1. Make your workers transactional
In a distributed system, there is always the possibility that one of your servers can go down while your application is running. For this reason, we want our application to be tolerant of these types of failures by making sure our application code is stateless and groups of related state changes are transactional.
In general, we want the state of our application to be saved by a database that runs independently of our application code so that our servers can go up and down without losing any business-critical state. Similarly, we want our application to make groups of related state changes in a single atomic transaction so that if our app server goes down our database is not in an inconsistent state. For example, what happens if we call TransferFundsWorker.new.perform(1, 2, 50)

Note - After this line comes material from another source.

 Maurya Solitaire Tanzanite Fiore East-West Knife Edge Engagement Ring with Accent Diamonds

and our app server goes down after running source_user.save!
? User:1 will have had $50 deducted from their balance but User:2 will still have a balance of $200. Even worse, a job processing system like Sidekiq implements retries so this worker will run again and deduct another $50 from User:1's account.

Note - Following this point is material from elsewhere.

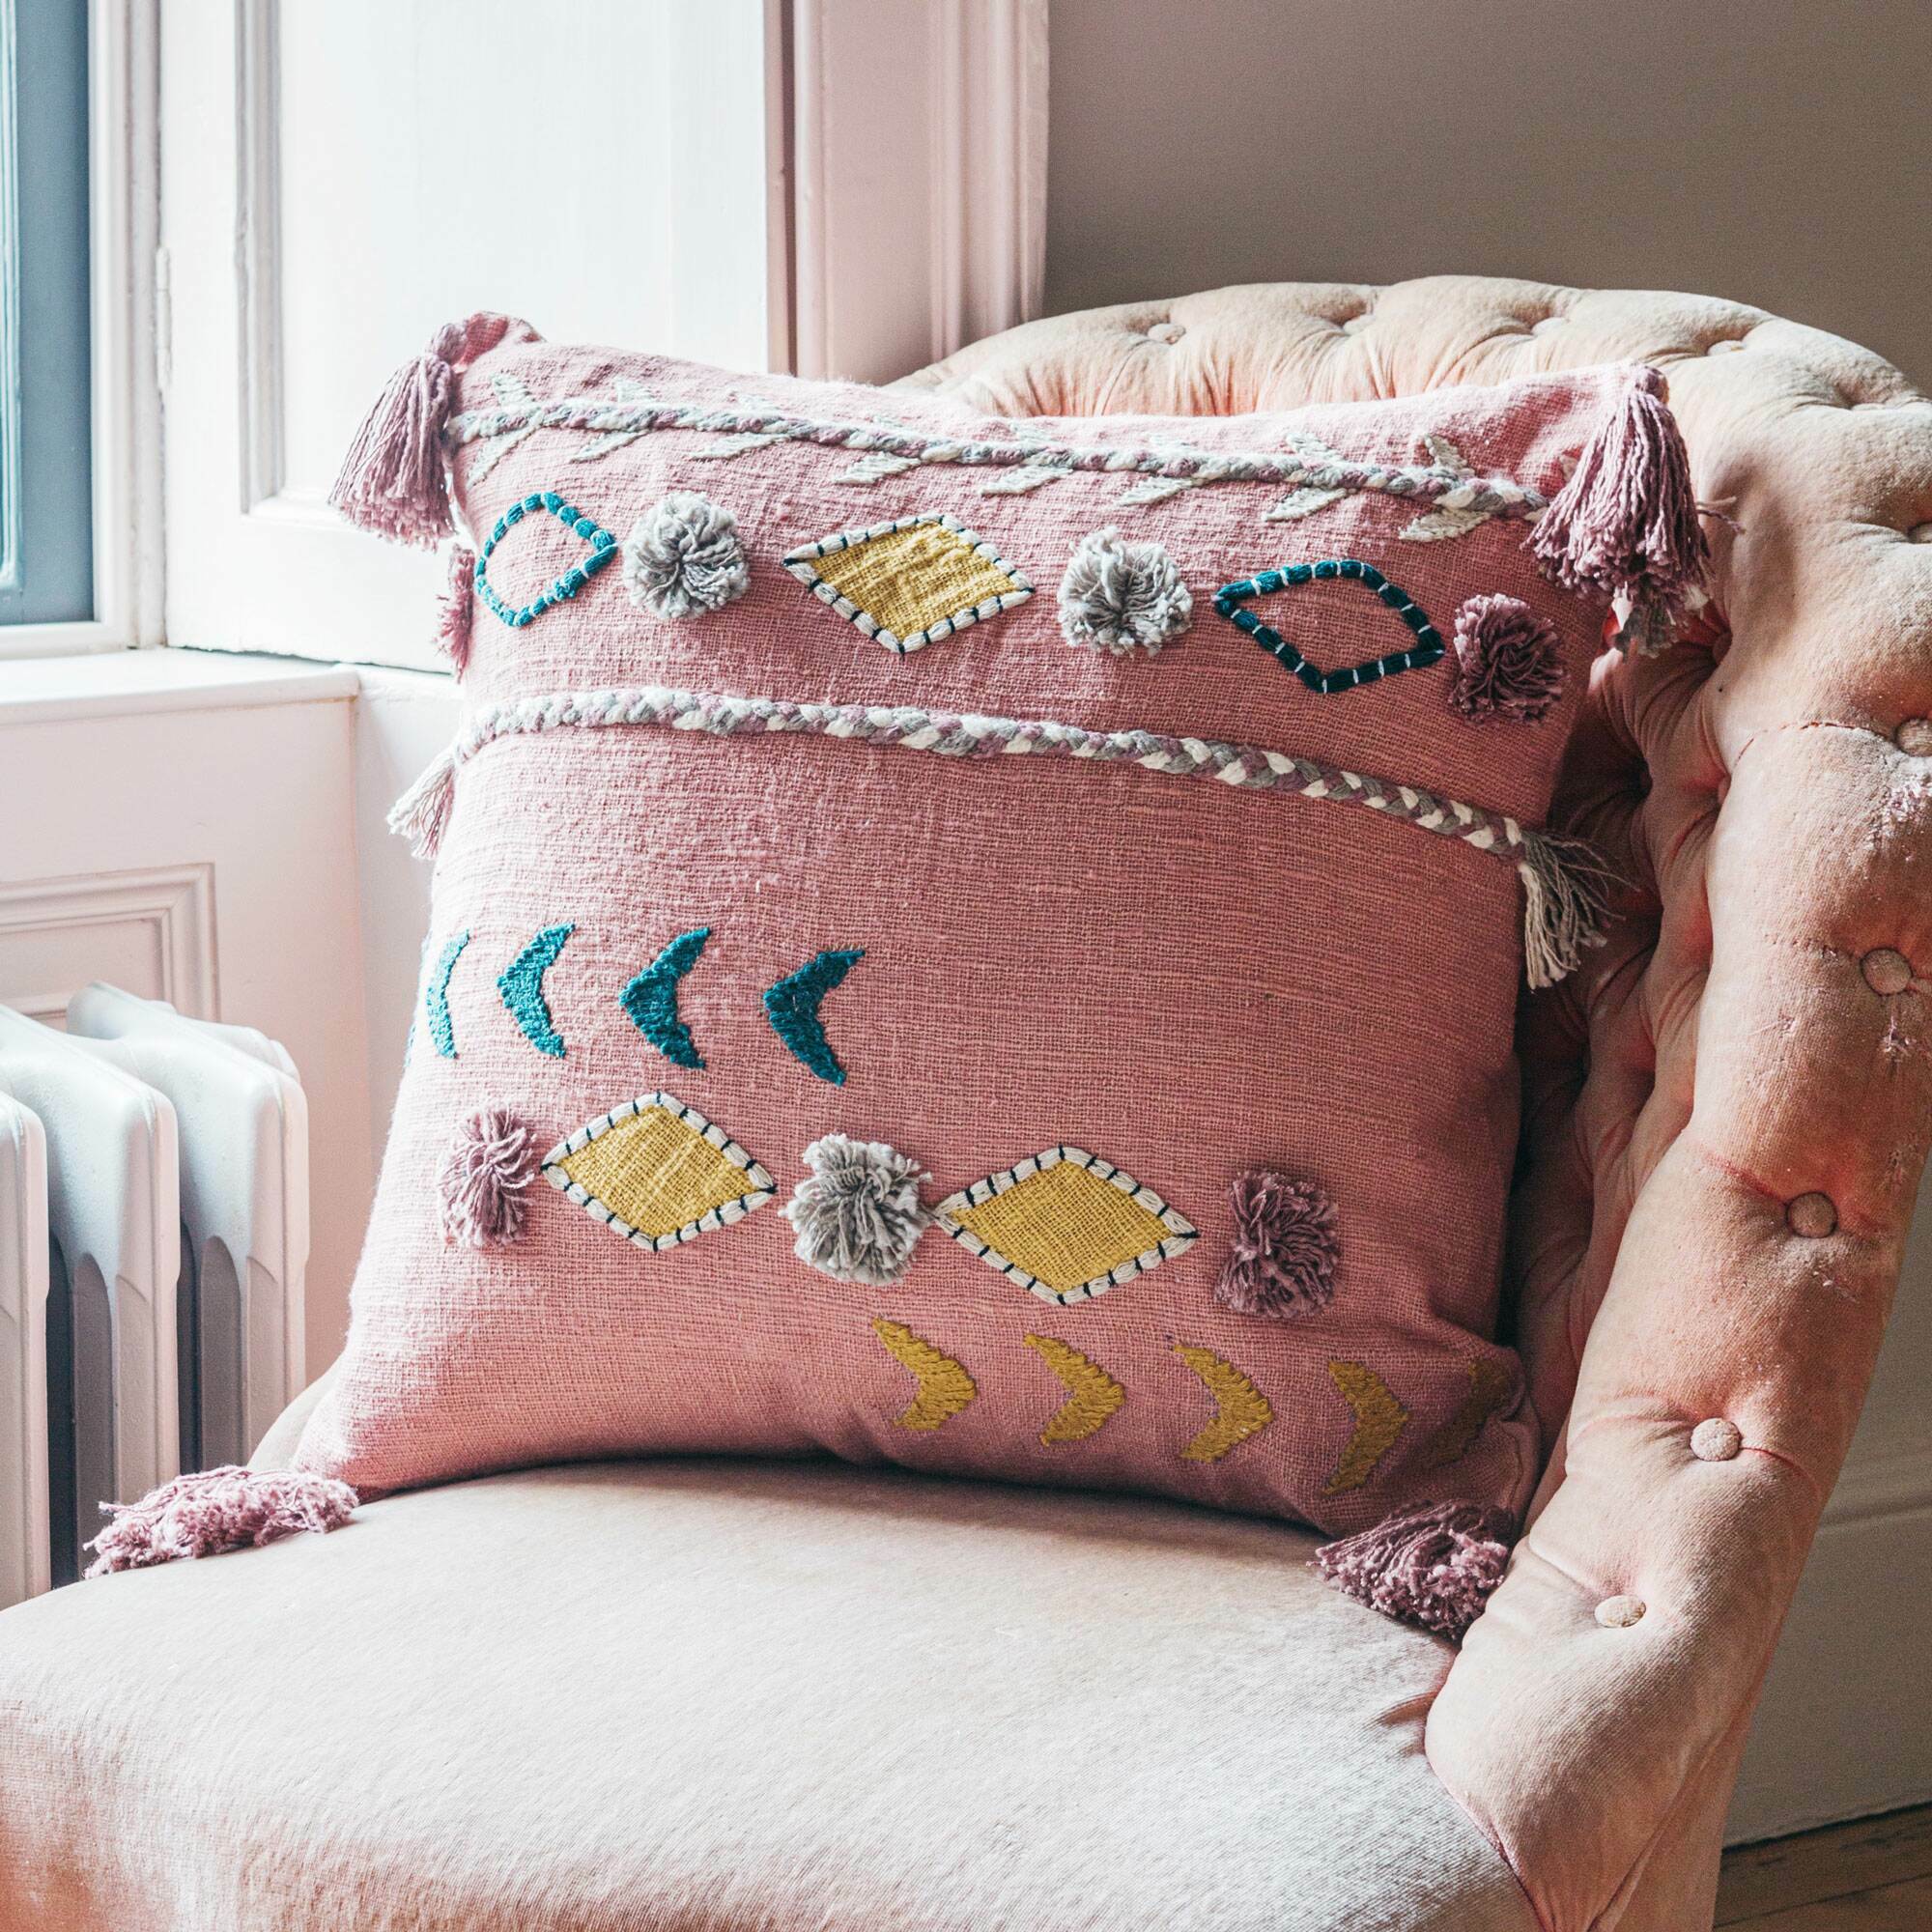 Read more about Graham and green jaz two stripe square cushion with pom poms

Solution: Wrap related database writes in a transaction block
ApplicationRecord.transaction do
source_user.save!
destination_user.save!
end
Now we can use the fact that database transactions are atomic, to guarantee that both of these db writes will happen together. That way even if there is an error in between the two db writes, the initial write will fail and our database will remain in a consistent state regardless of the failure.
2. Use database locks to prevent race conditions
Consider the case where we have two workers running at approximately the same time, TransferFundsWorker.new.perform(1, 2, 50)
and TransferFundsWorker.new.perform(1, 3, 50)
. It's possible that both threads read the source_user's balance before the other worker makes any changes to that user's balance. In this case, both workers will read a balance of 100 for User:1. Then both workers will proceed to run source_user.balance -= amount
which sets User:1's balance to 100 - 50, which is 50. After saving changes to the database we are left with the following state
users
id | balance
1 | 50
2 | 250
3 | 100
User:1 should have a balance of 0, not 50. But the race condition causes user_1's value to be set erroneously.
Solution: Use row level locks
We can grab a row-level lock on both the source_user and destination_user records in the users table. Grabbing a lock essentially throttle's the TransferFundsWorker, so that workers that are processing transfers on a common user concurrently, are sequenced one after the other.
def perform(source_user_id, destination_user_id, amount)
ApplicationRecord.transaction do
source_user = User.lock.find_by(id: source_user_id)
destination_user = User.lock.find_by(id: destination_user_id)
if source_user.balance < amount
# log error somewhere
return
end
source_user.balance -= amount
destination_user.balance += amount
source_user.save!
destination_user.save!
end
end
What about deadlocks?
With the solution above, we allow the potential for a deadlock. For example, consider the following workers TransferFundsWorker.new.perform(1, 2, 50)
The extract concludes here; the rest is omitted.